**Dataset extract:**
::::::::

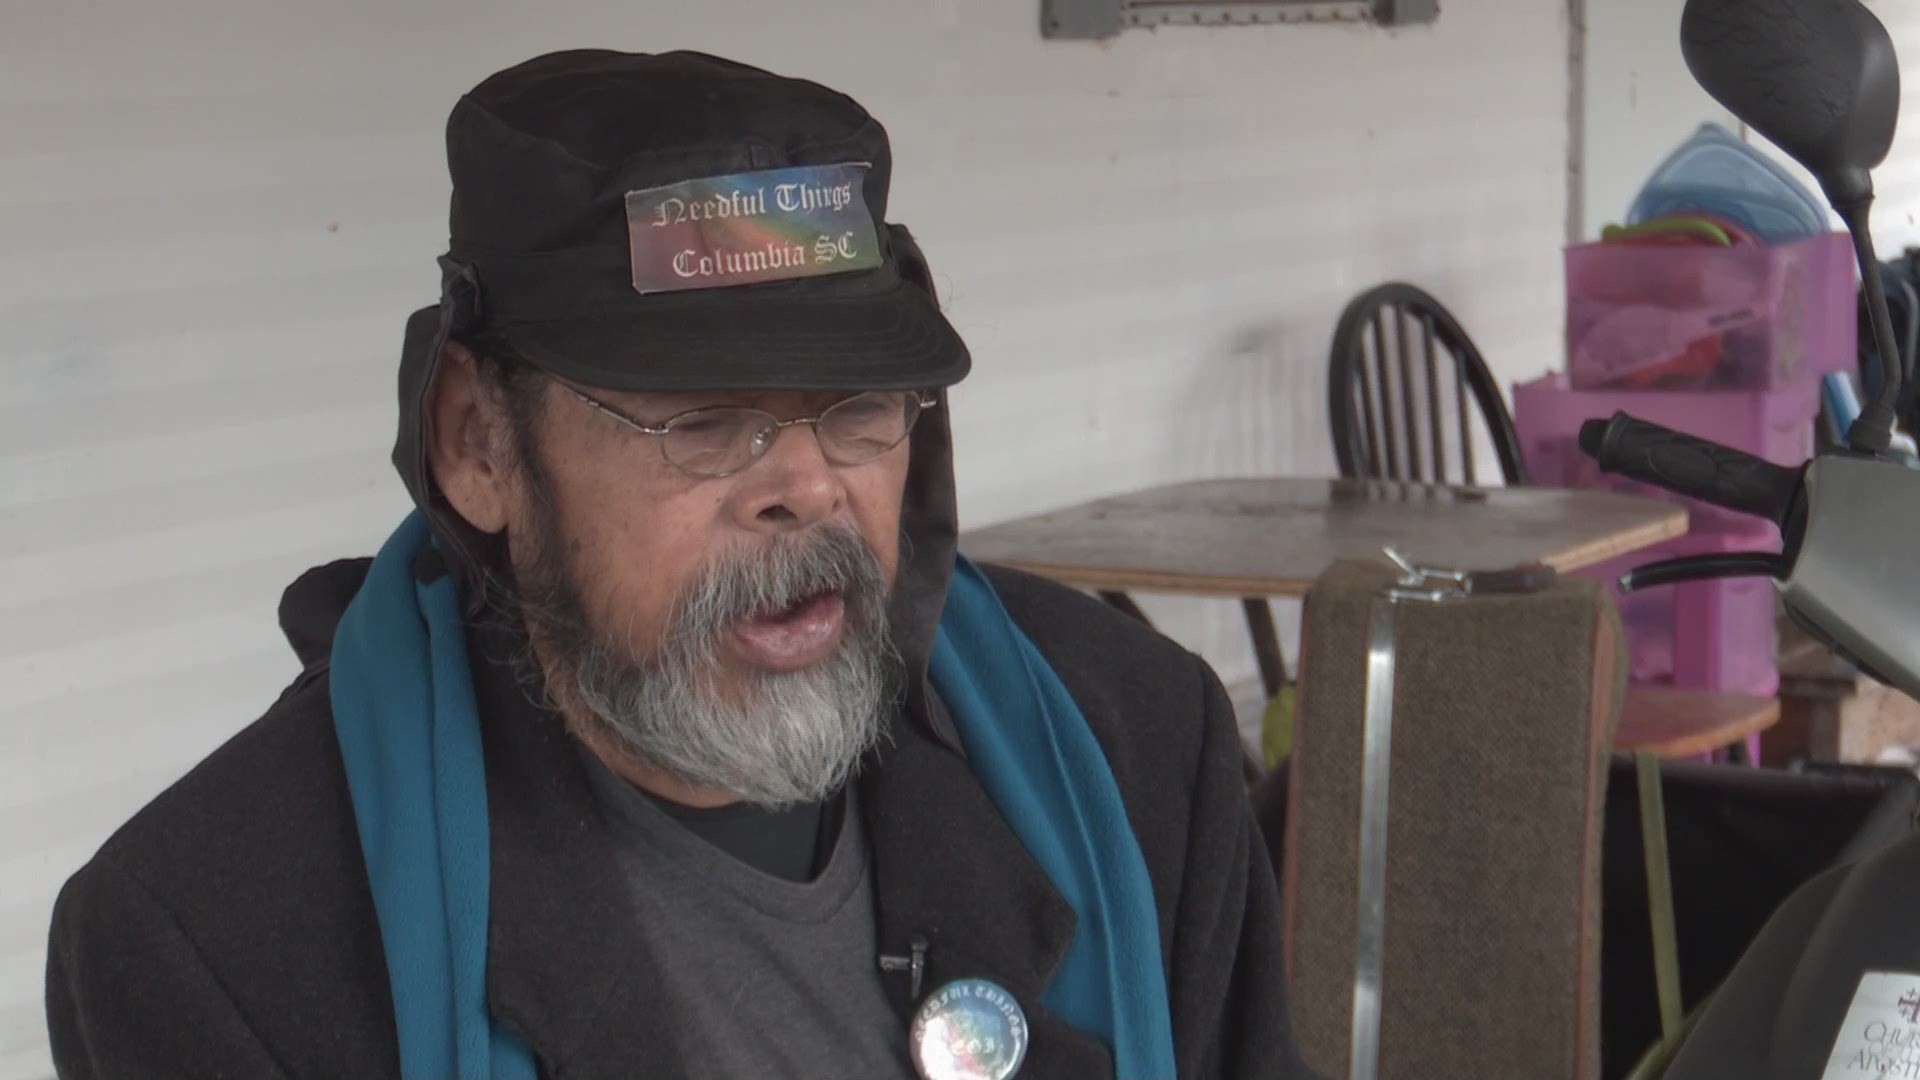 Full interview with Regi Solis as he reflects on the period in his life when he was homeless and his efforts to connect others with resources to get help.
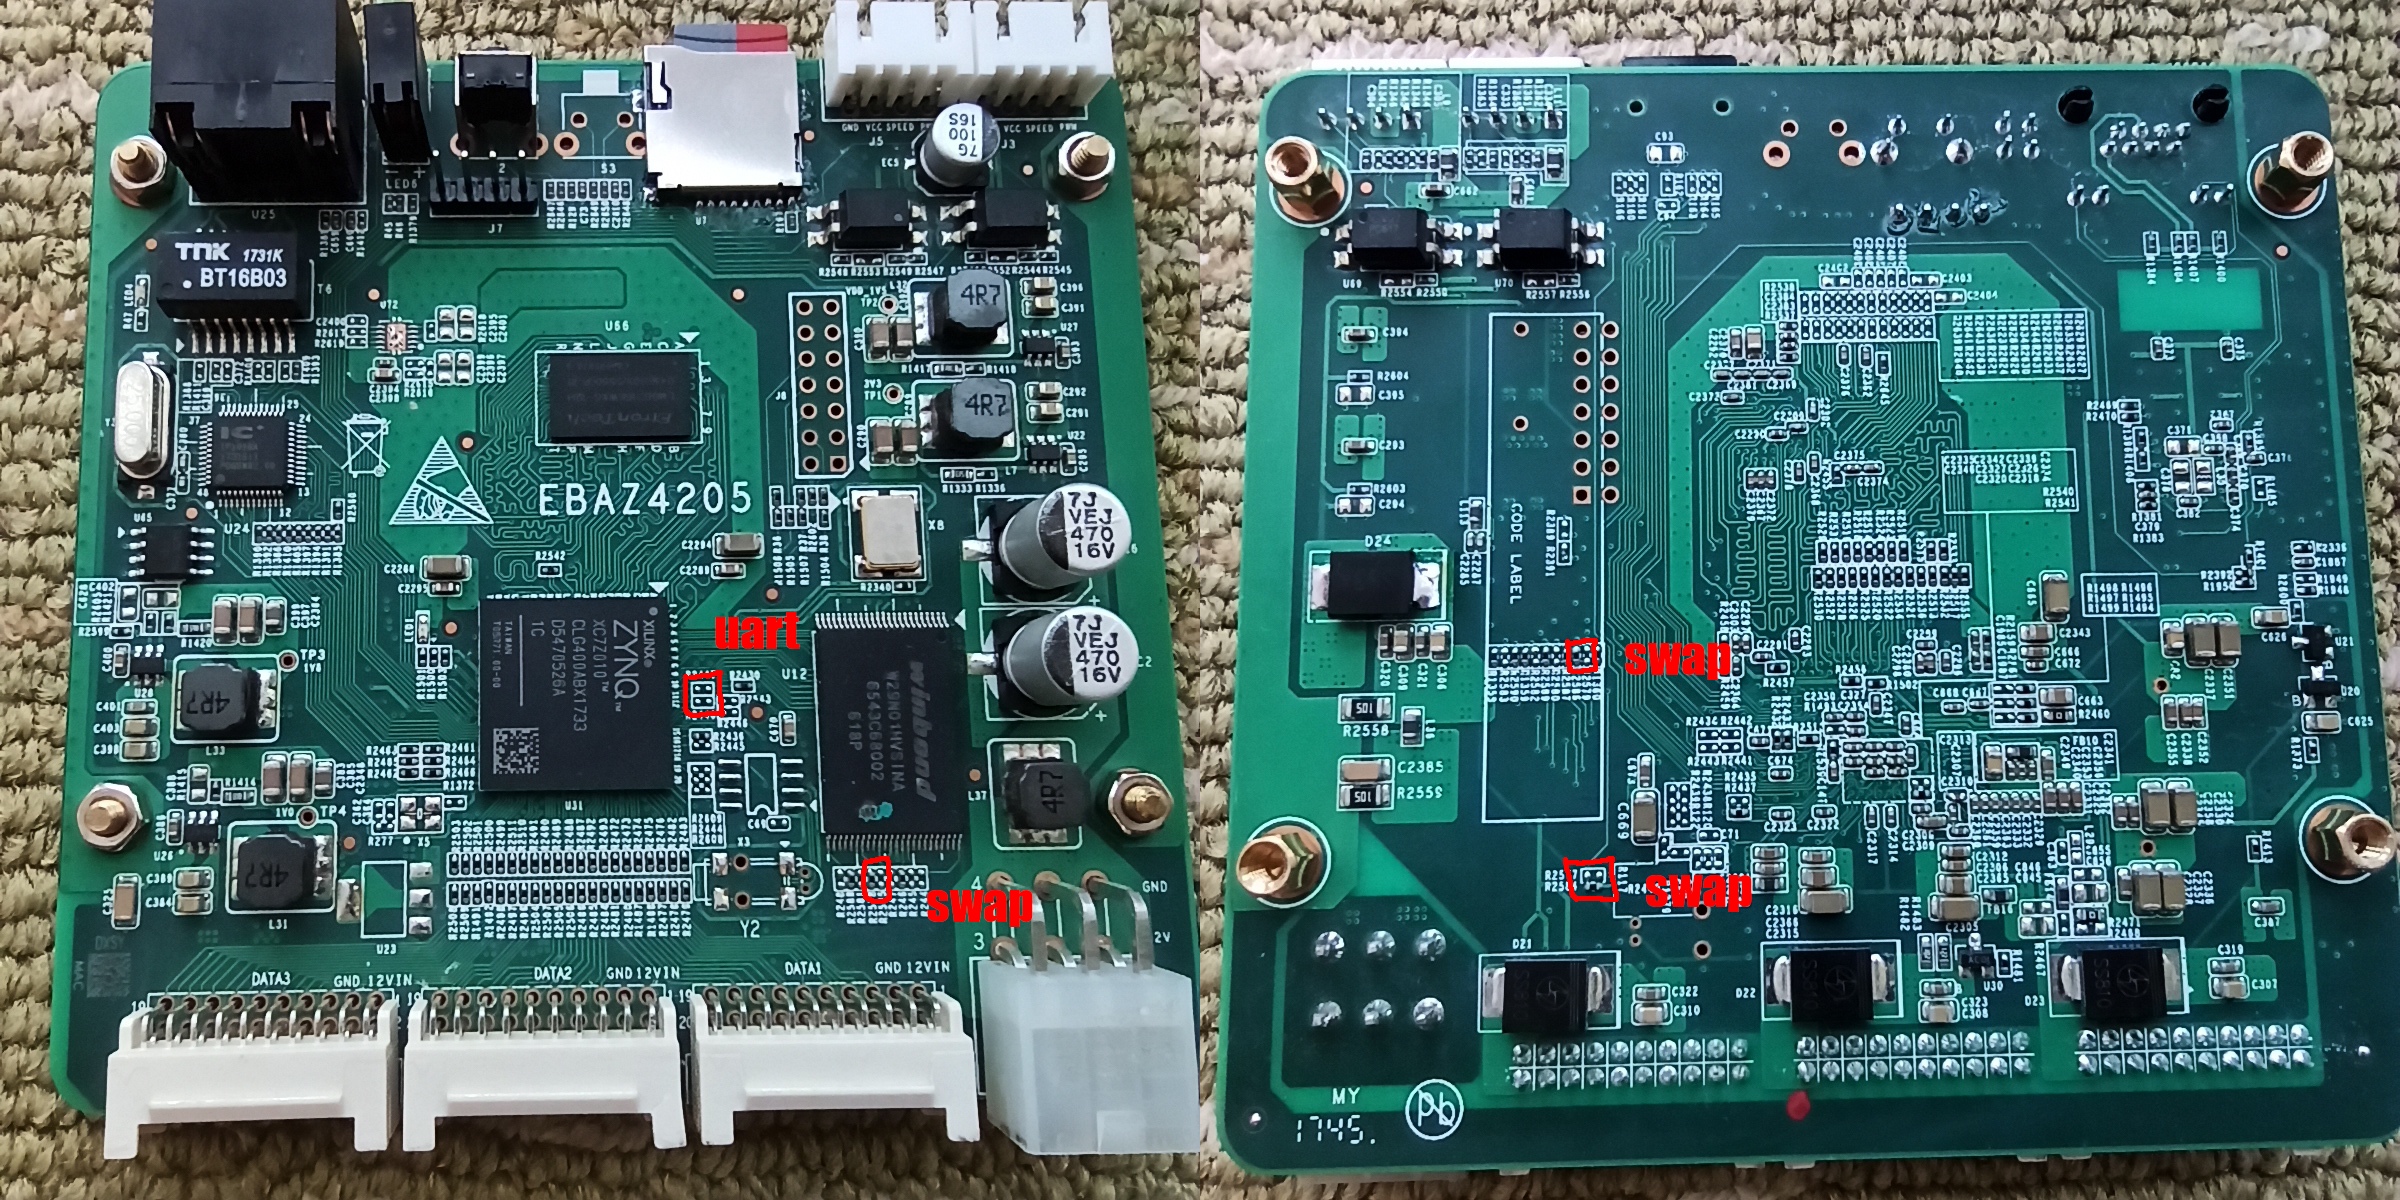 marked up image of the front and back of the ebaz4205 PCB showing the locations of the important components and pads
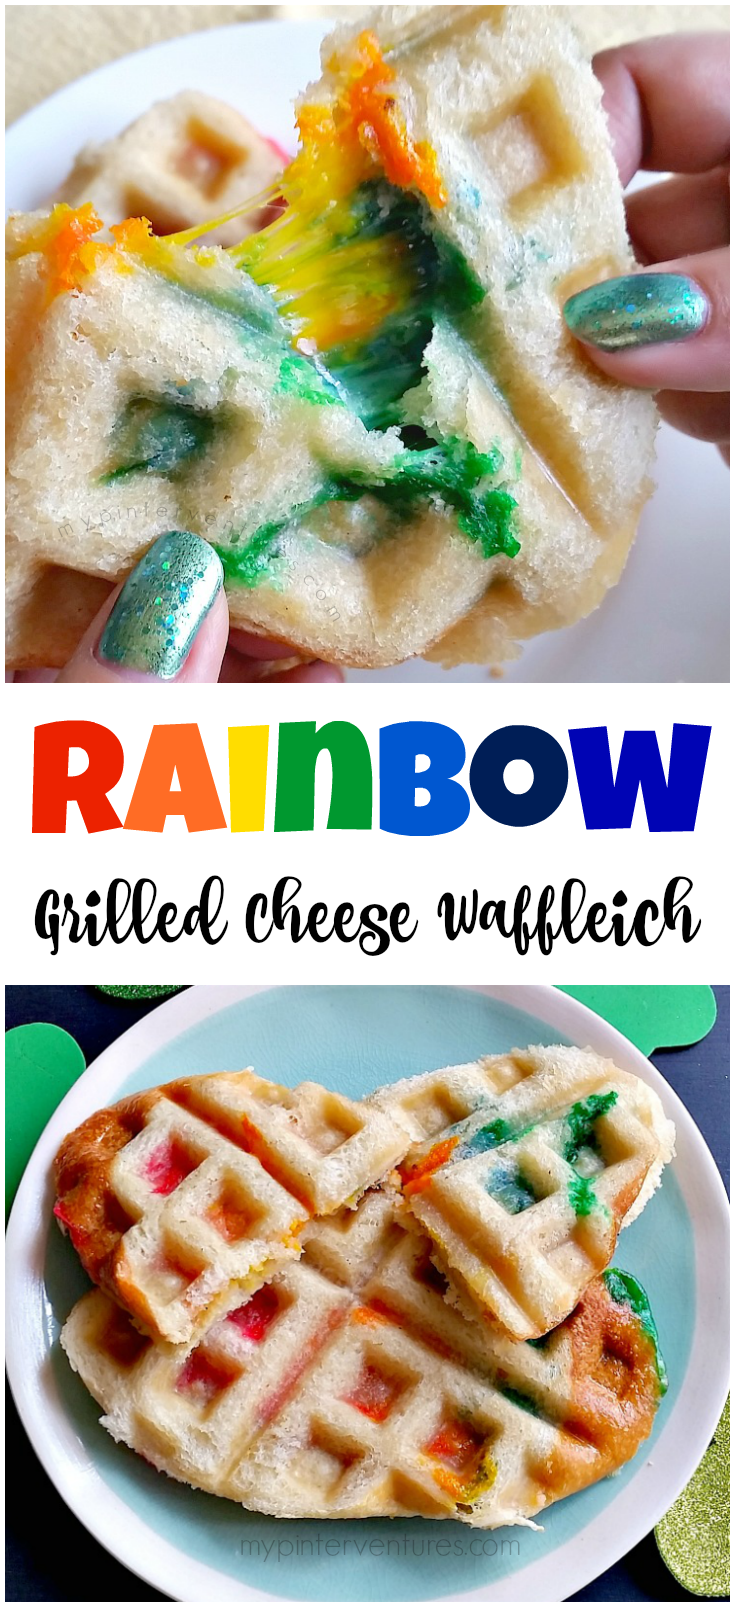 Rainbow Grilled Cheese Waffleich - made with colored cheese and pressed in a waffle maker
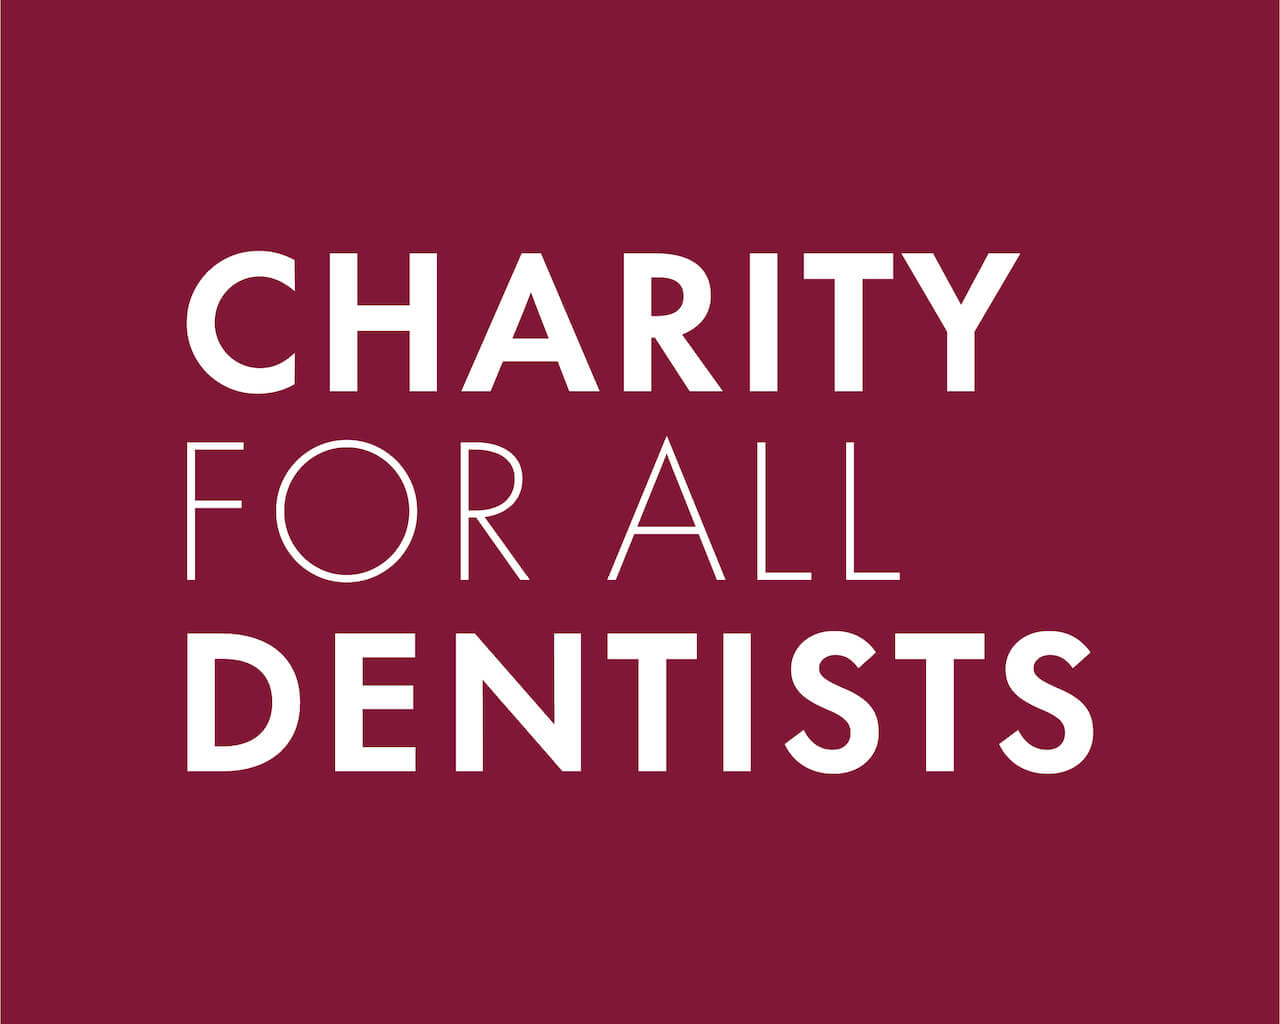 Charity for all dentists logo

::::::::

**Instructions to follow:** Copy nothing but the lines from the line that contains "marked up image" through the end of the listing, exactly, and keep pictures out of it.

**Answer to this task:**
 marked up image of the front and back of the ebaz4205 PCB showing the locations of the important components and pads
 Rainbow Grilled Cheese Waffleich - made with colored cheese and pressed in a waffle maker
 Charity for all dentists logo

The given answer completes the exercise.